I went to see my grandma this afternoon, as I haven't seen her since 4th of July. She's doing a ton better after a series of strokes, and after all of that happened I had a really hard time going to see her. I enjoyed listening to her update me on all of the family gossip. But when I was getting up to leave, I told her that I had to go grocery shopping and she asked me what I buy now that the boys don't live with me. I told her that I mainly buy snack food and don't really eat a lot anymore since I don't really have to cook. And she told me that she knew I didn't eat a lot because I was thin. NEVER in my life has my grandma told me I was thin; always that she could tell that I was losing weight and to keep it up, but NEVER THIN! I sit here and think about that and I'm still in shock. I don't know if I'll ever get over it. Next week my uncle is having his 60th birthday party and it is going to be HUGE, family from San Francisco is coming in for this party. I'm curious to see what others are going to say. I need to find a fabulous dress to wear to that shin dig stat!
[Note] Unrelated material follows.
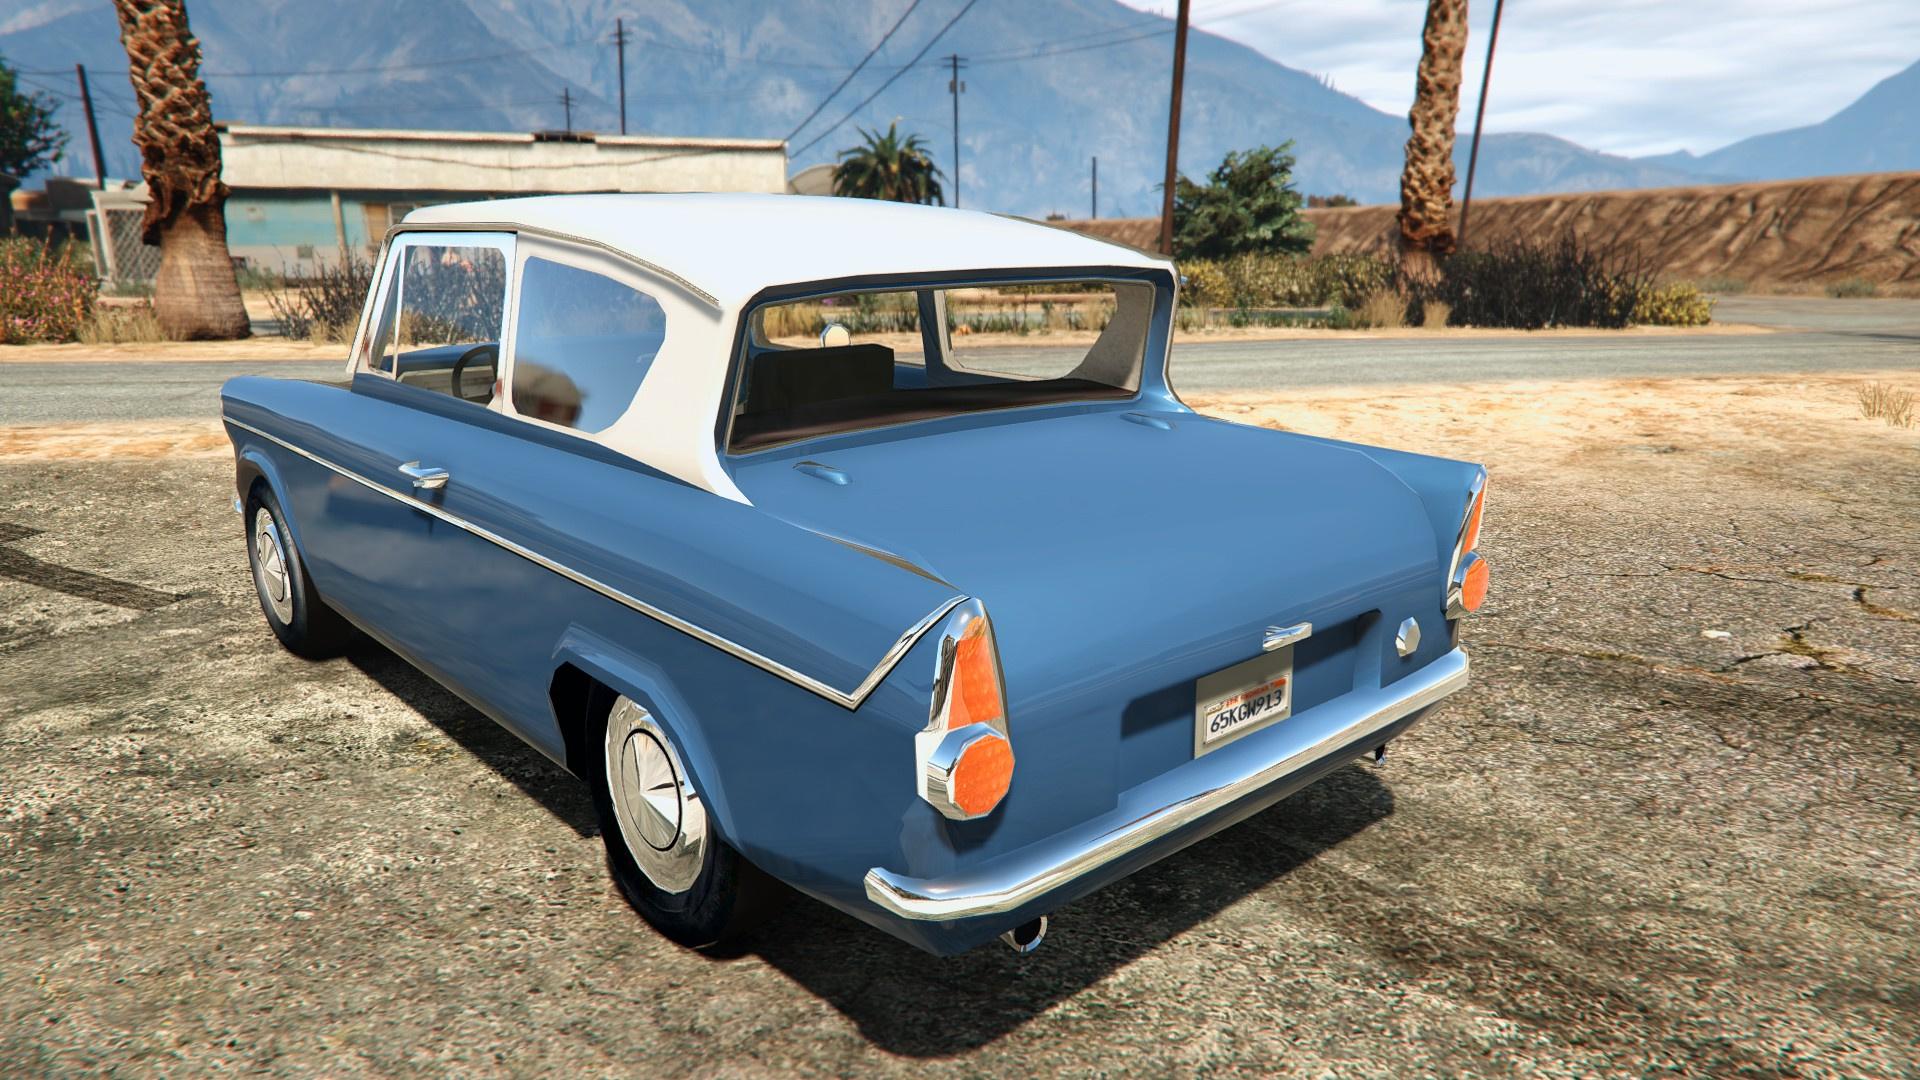 1959 Ford Anglia From Harry Potter Gta5 Mods Com

Friday, September 19, 2008

Last Day of School...



Well at least that's how I felt when I left work today. (BTW... I always wanted to run out the front doors of school and throw my books and papers up in the air like they do in the movies.) Today was the last day at my old position and I start my new position on Monday. I will still be writing home and auto insurance, but I will be able to do so much more than that in the future. Monday I start studying for the series 6 exam, then the series 63, and finally life and health. There is going to be so much information to learn, I can only pray I will absorb it all like a sponge and then squeeze it out all over the tests. One step at a time is the only way I can look at it, and I'm seriously living minute by minute. The past 3 weeks have been so surreal I'm really looking forward to the weekend before diving in on Monday. I hope you all have a fabulous and safe weekend!!!